PENRITH RSL Club is commemorating Australia's war history in a new display.
In one corner, there is a wall sculpture of the Gallipoli campaign.
Alternating lights at the top mimic the flashes of Turkish gunfire, while three-dimensional figures of Australian soldiers cling to almost vertical hillsides.
The club's president, Neville Barnier, who is a Vietnam War veteran and also president of the Penrith RSL sub-branch, has visited Gallipoli.
"It looks just like that," Mr Barnier said, pointing to the sculpture. "I can't believe those soldiers got up that hill."
The display is divided into sections representing different parts of Australia's military history, such as World War I, World War II, Korea, Vietnam and peace-keeping missions.
Glass cabinets contain medals and old photos of soldiers, sailors and airmen as well as other memorabilia.
One also contains a Lee Enfield 303 rifle, which Australian soldiers used from World War I to the Korean War.
In another corner an "eternal flame" sits, represented by a flame-shaped sculpture with different coloured lights.
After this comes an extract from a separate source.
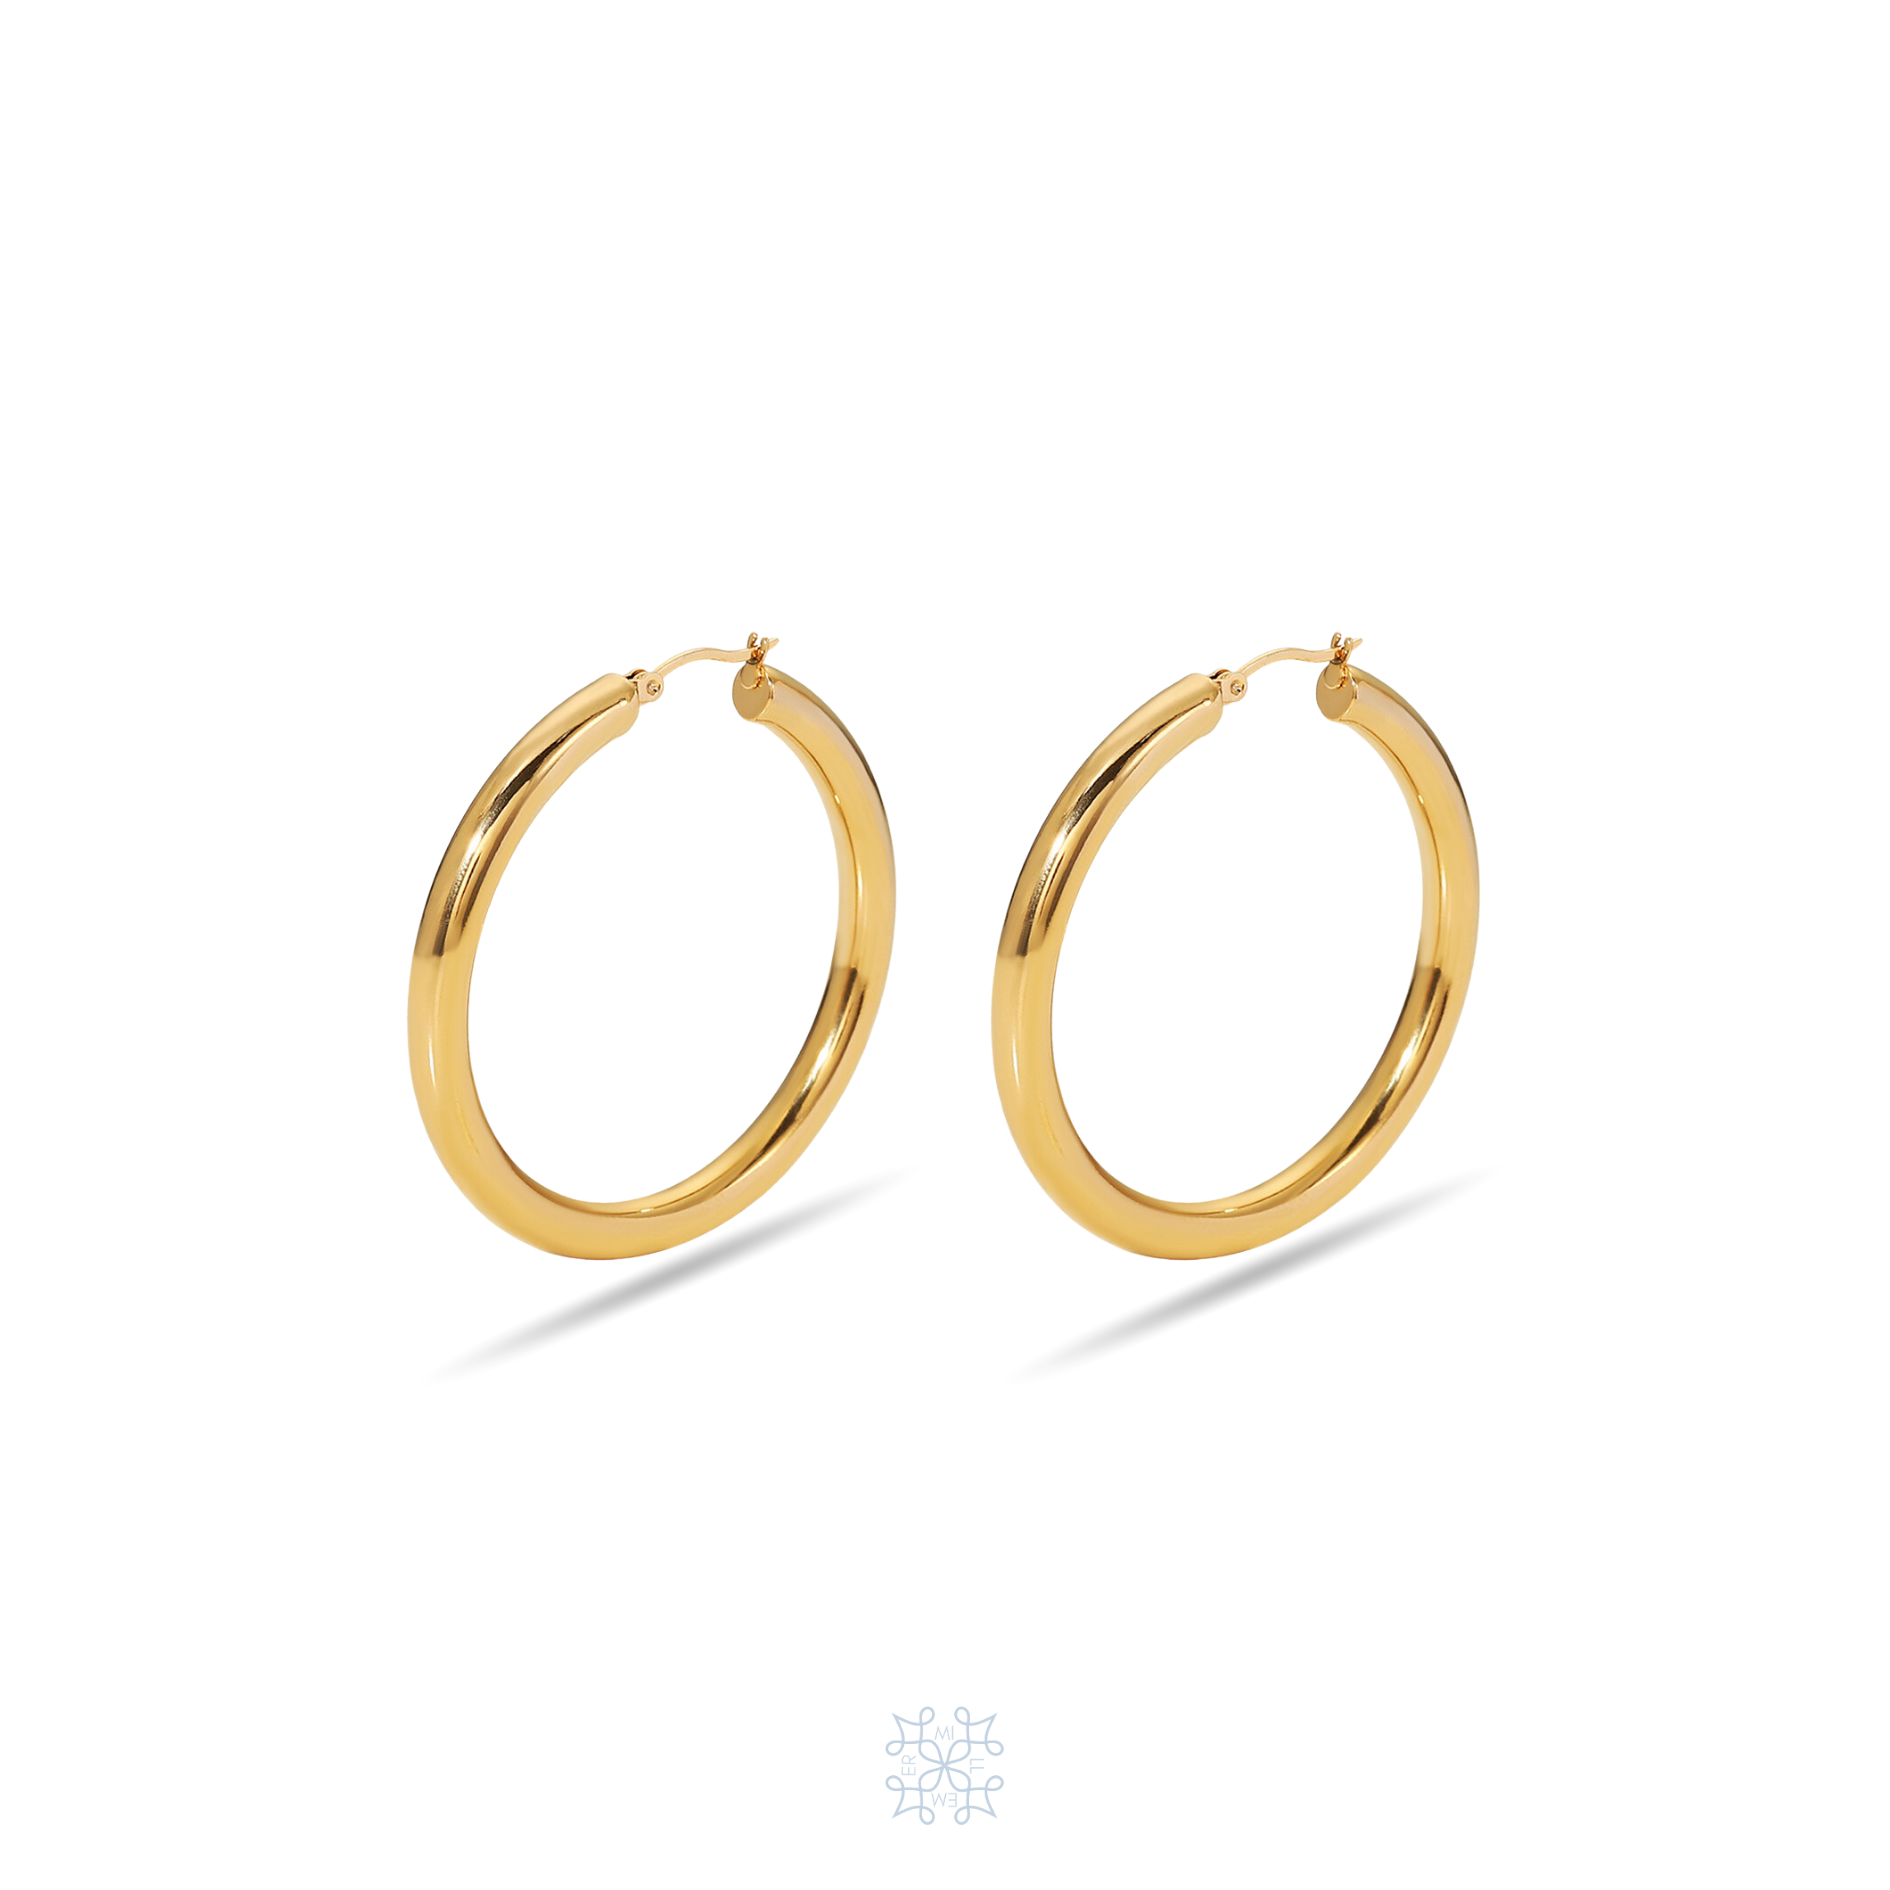 Classic Big Gold Hoops. Big Round circle Earrings plated in gold.
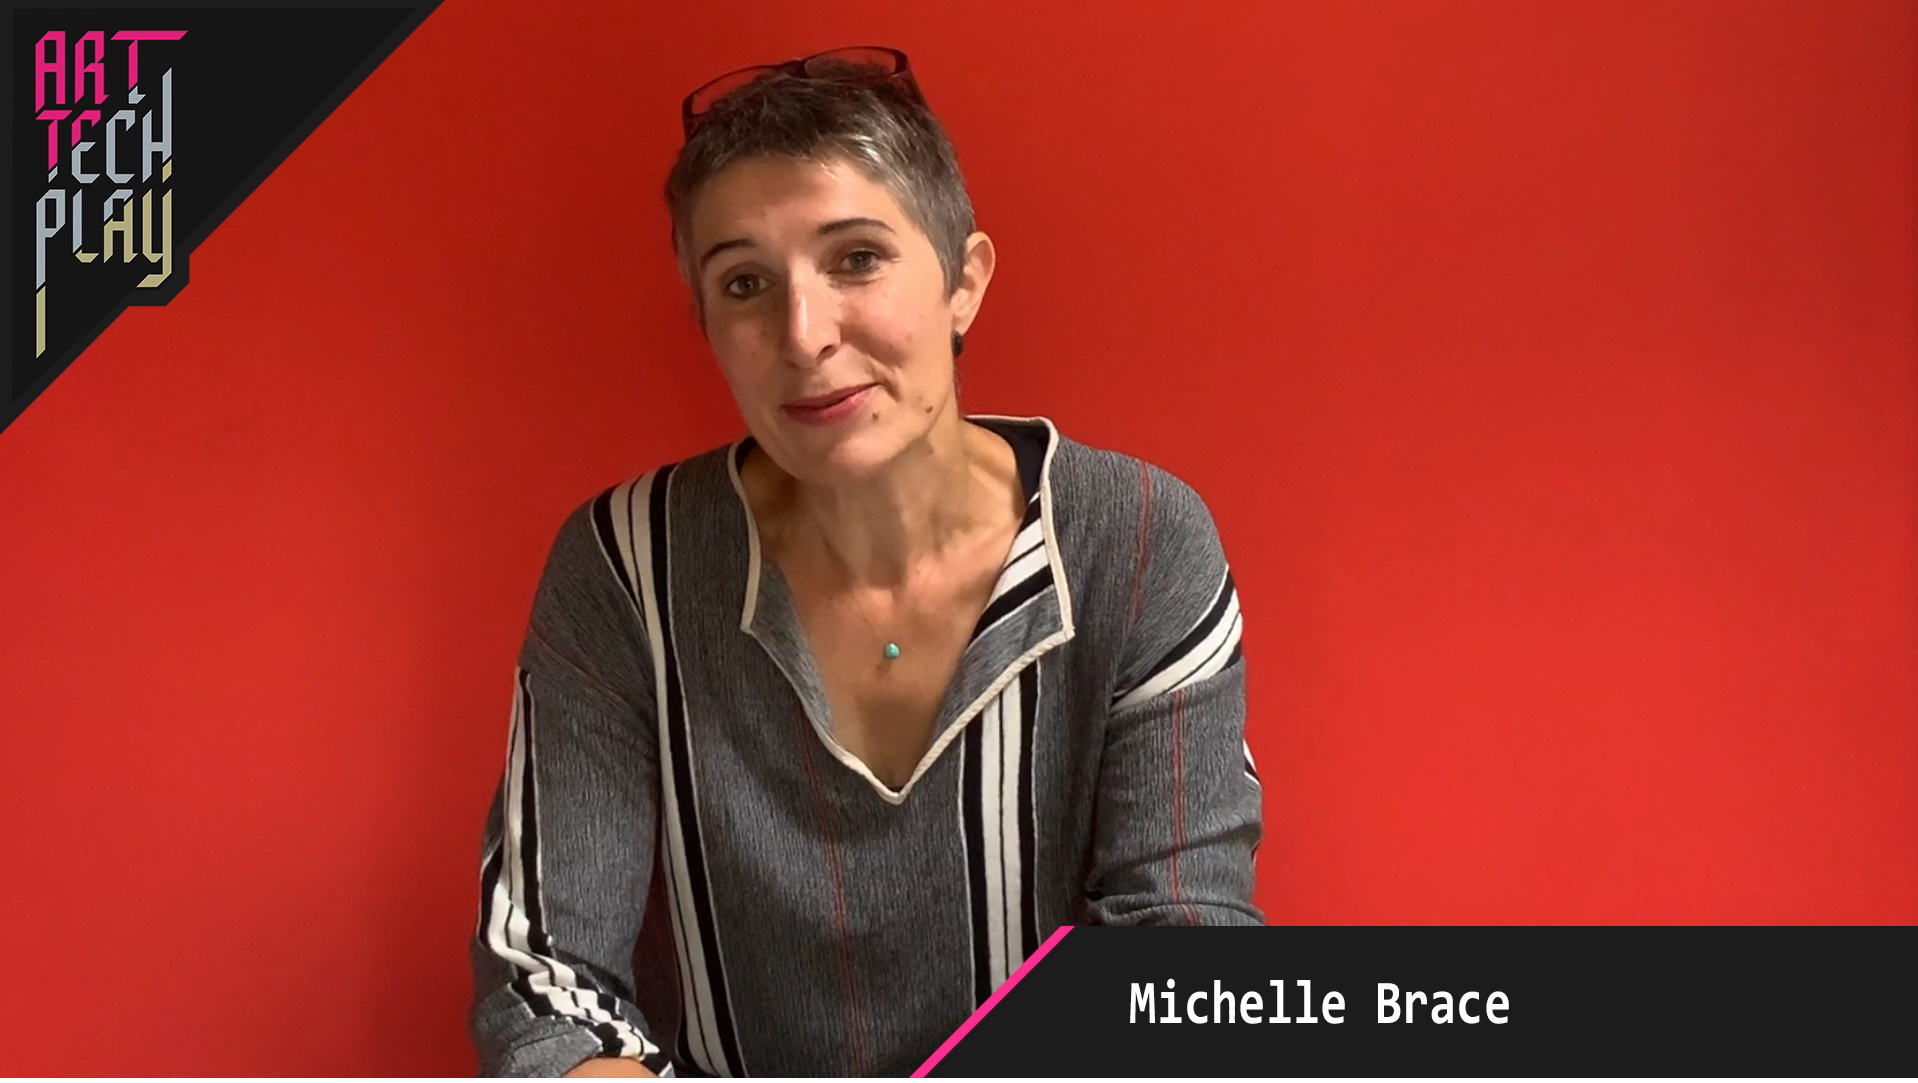 Michelle Brace on visual mixing

Mr Barnier said the club asked Kingswood TAFE students to design the display to create a more modern image of Australian war history.
"It didn't look as much like an RSL club as we think it should," he said.
"There was something lacking in this space."
Mr Barnier said the display was still growing and would continue to do so until its official opening next month.
"We're getting people bringing stuff in," he said.
"Just recently we got a parcel full of magazines from the Boer War."
From 1899 to 1902, Australian and British troops fought the Boers in South Africa, who unsuccessfully resisted British expansion into their territory.
"Penrith is one of the strongest sub-branches and we've still got a strong RSL tradition," Mr Barnier said.
"A post here will have all the names of the fallen, from World War I to Vietnam, who came from the Penrith district."
Veteran Affairs Minister Warren Snowdon will officially open the Penrith RSL Club display at 11am on June 6.